WHAT YOU NEED TO DO - Every entry below should be transcribed exactly; pictures stay out of the copy.

** SUPPLIED RECORDS follows **

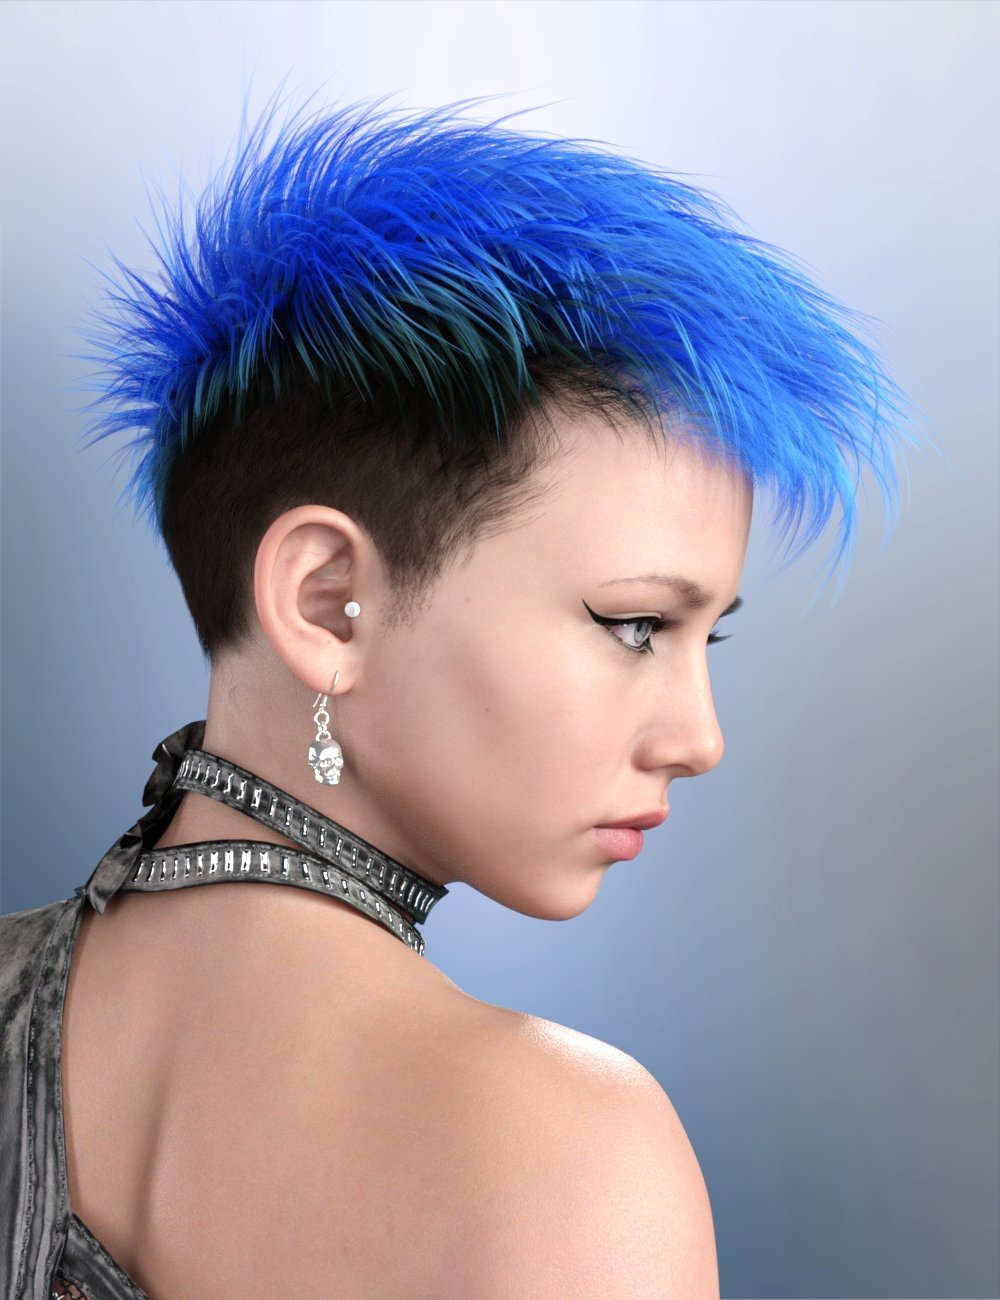 dForce Togatta Hair for Genesis 8 by: RedzStudio, 3D Models by Daz 3D
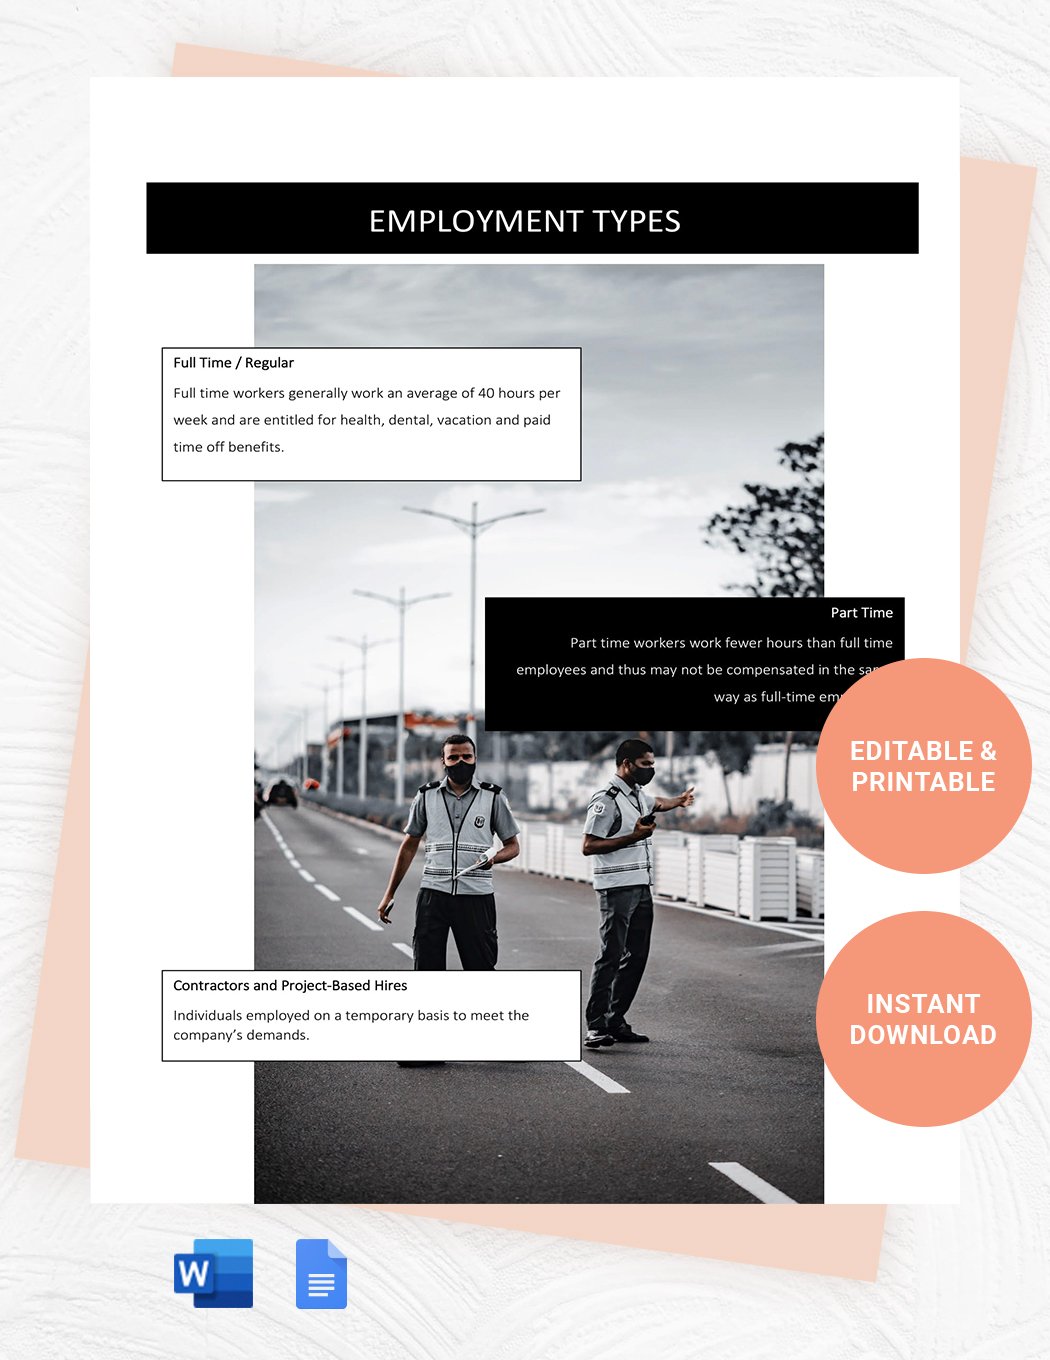 Simple Employee Handbook Template
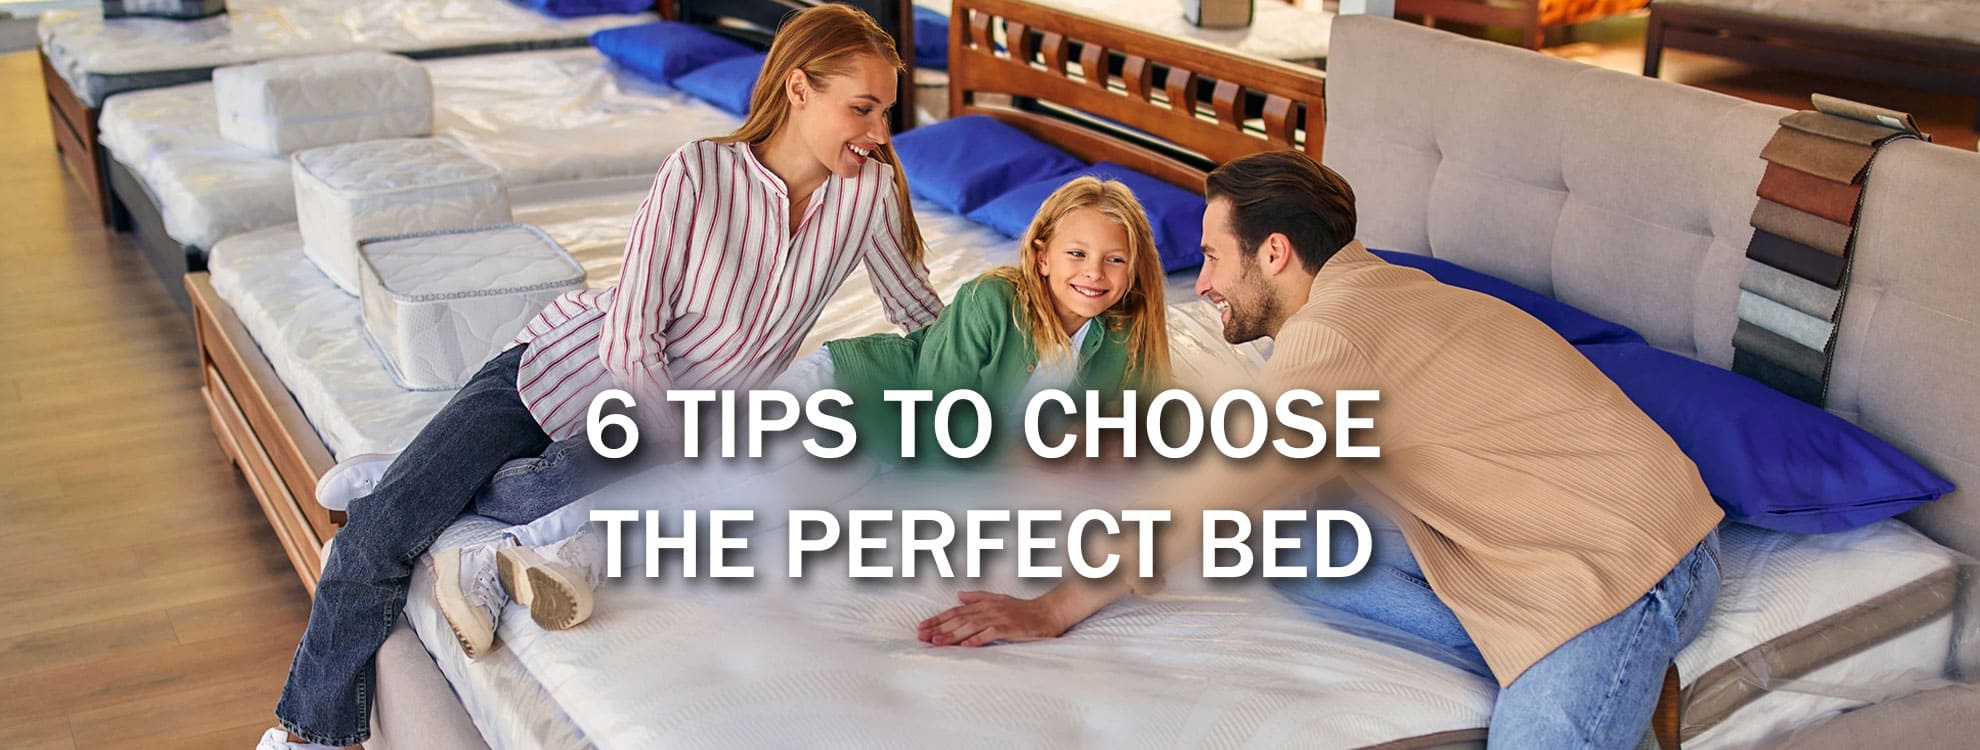 Choose Perfact Bed
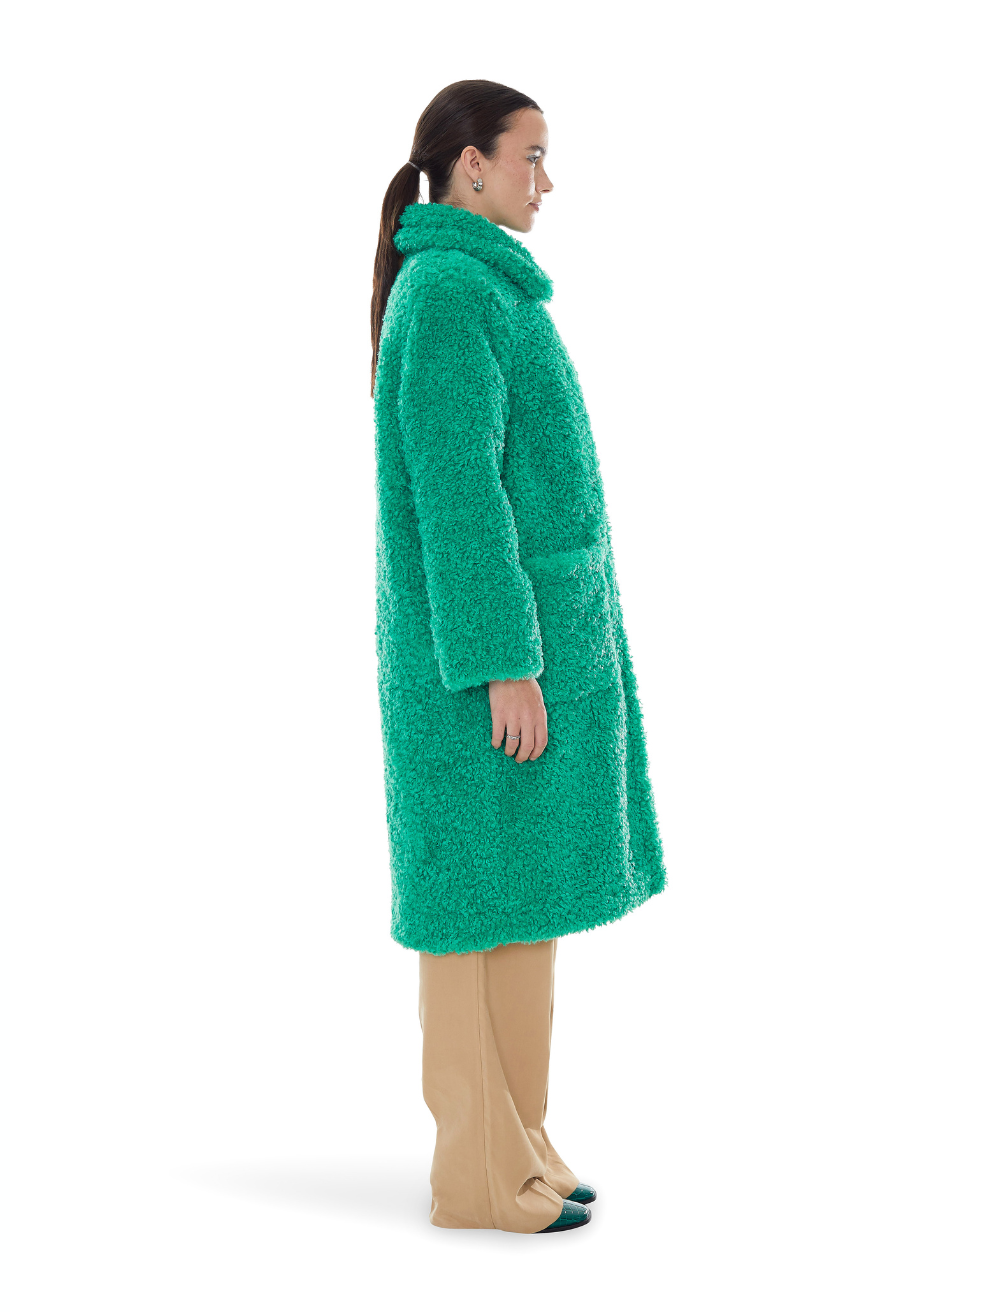 Ruby Shamrock Green Slow Fashion Outerwear Canada Long Teddy Coat Faux Sherpa
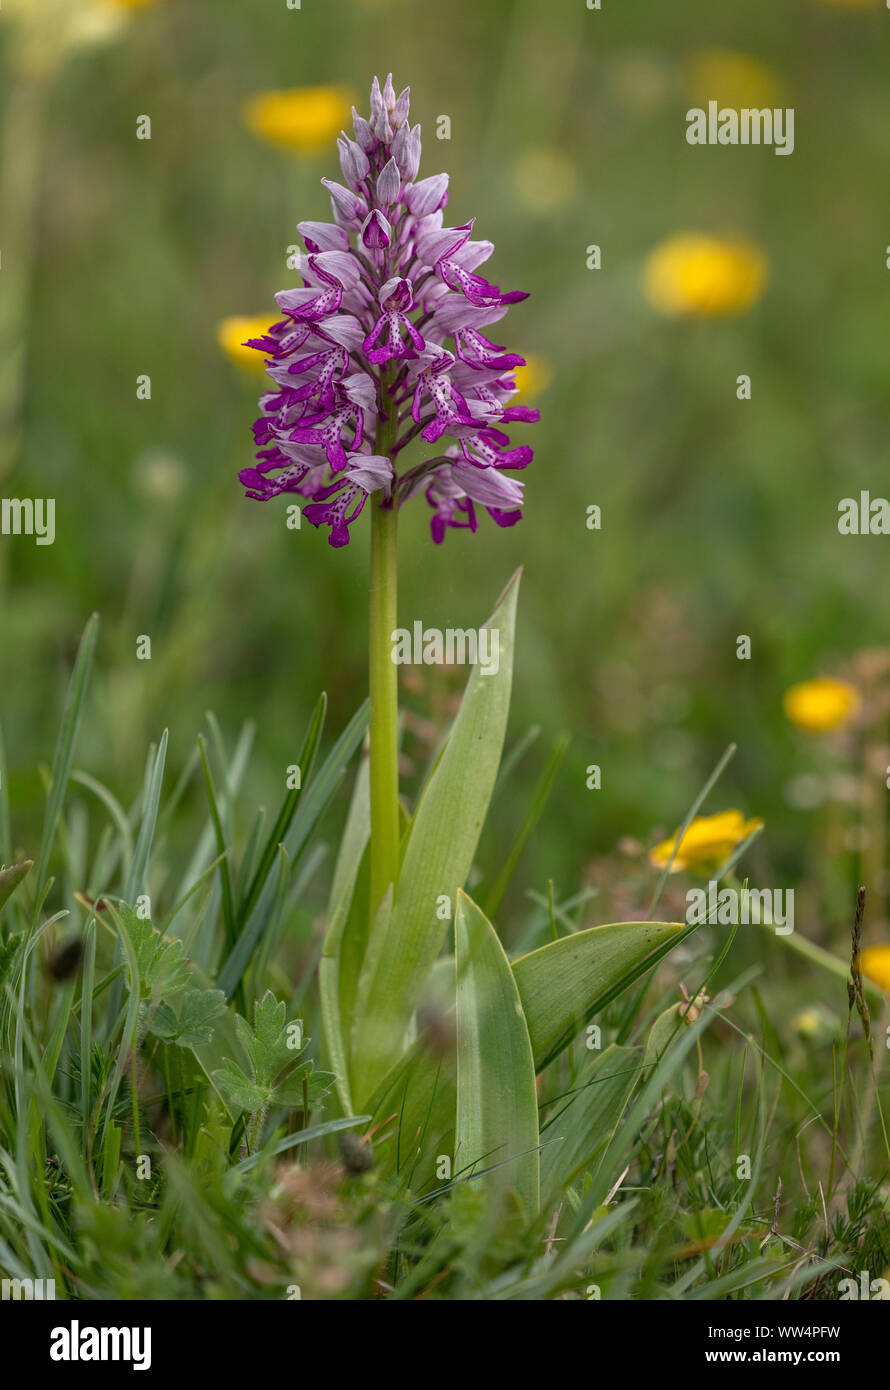 Helm-knabenkraut, Orchis militaris, in der Blume in Kalkmagerrasen. UK Rarität. Stockfoto
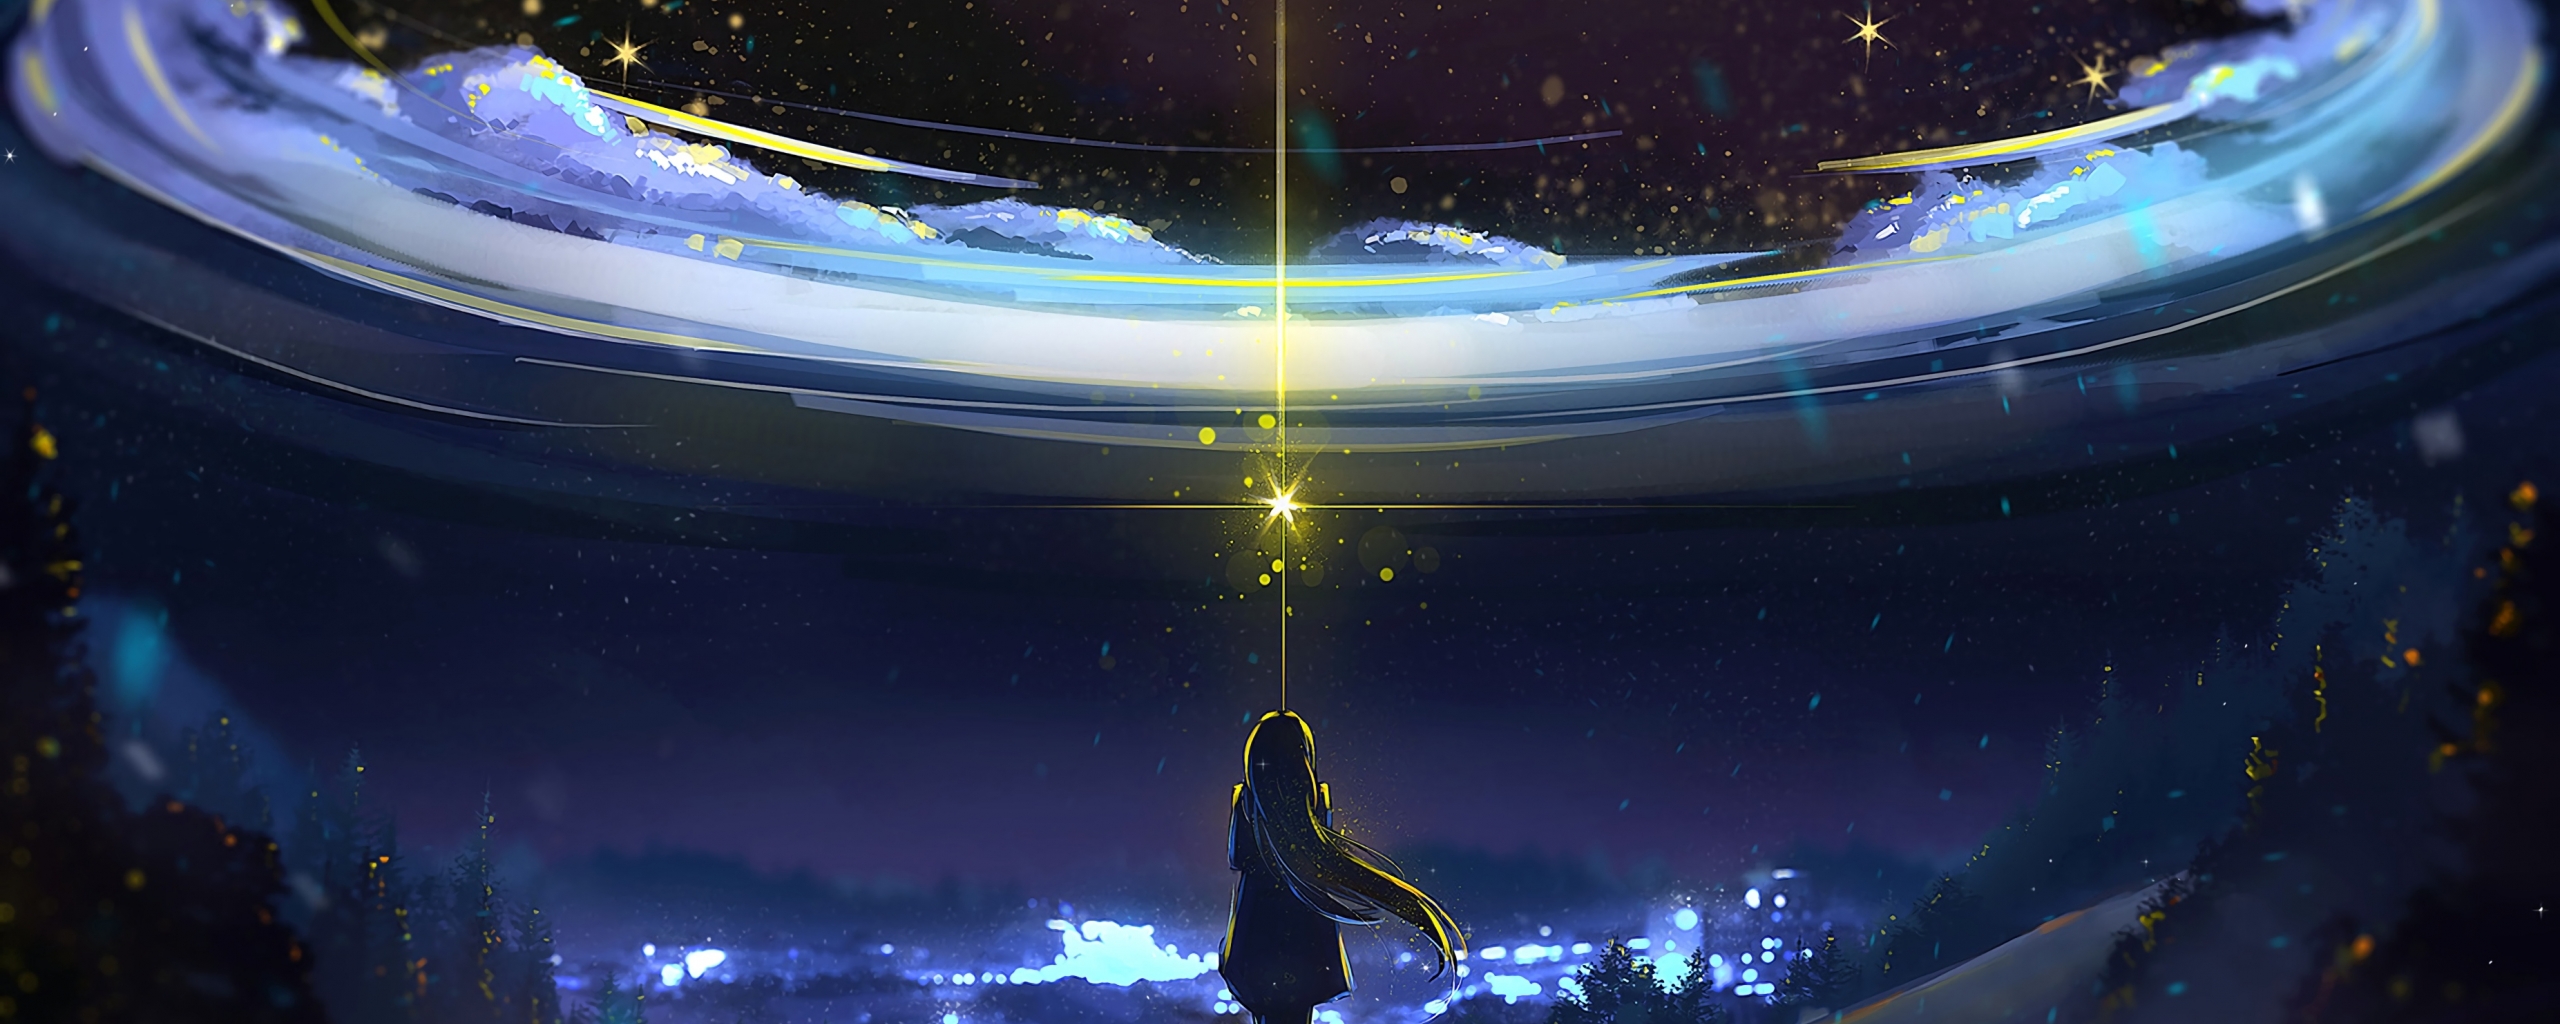 Wallpaper Stars, Anime Girl, Back View, Bokeh, Magic, Night:3706x2294

** End of SUPPLIED RECORDS **

OUTPUT -
 dForce Togatta Hair for Genesis 8 by: RedzStudio, 3D Models by Daz 3D
 Simple Employee Handbook Template
 Choose Perfact Bed
 Ruby Shamrock Green Slow Fashion Outerwear Canada Long Teddy Coat Faux Sherpa
 Helm-knabenkraut, Orchis militaris, in der Blume in Kalkmagerrasen. UK Rarität. Stockfoto
 Wallpaper Stars, Anime Girl, Back View, Bokeh, Magic, Night:3706x2294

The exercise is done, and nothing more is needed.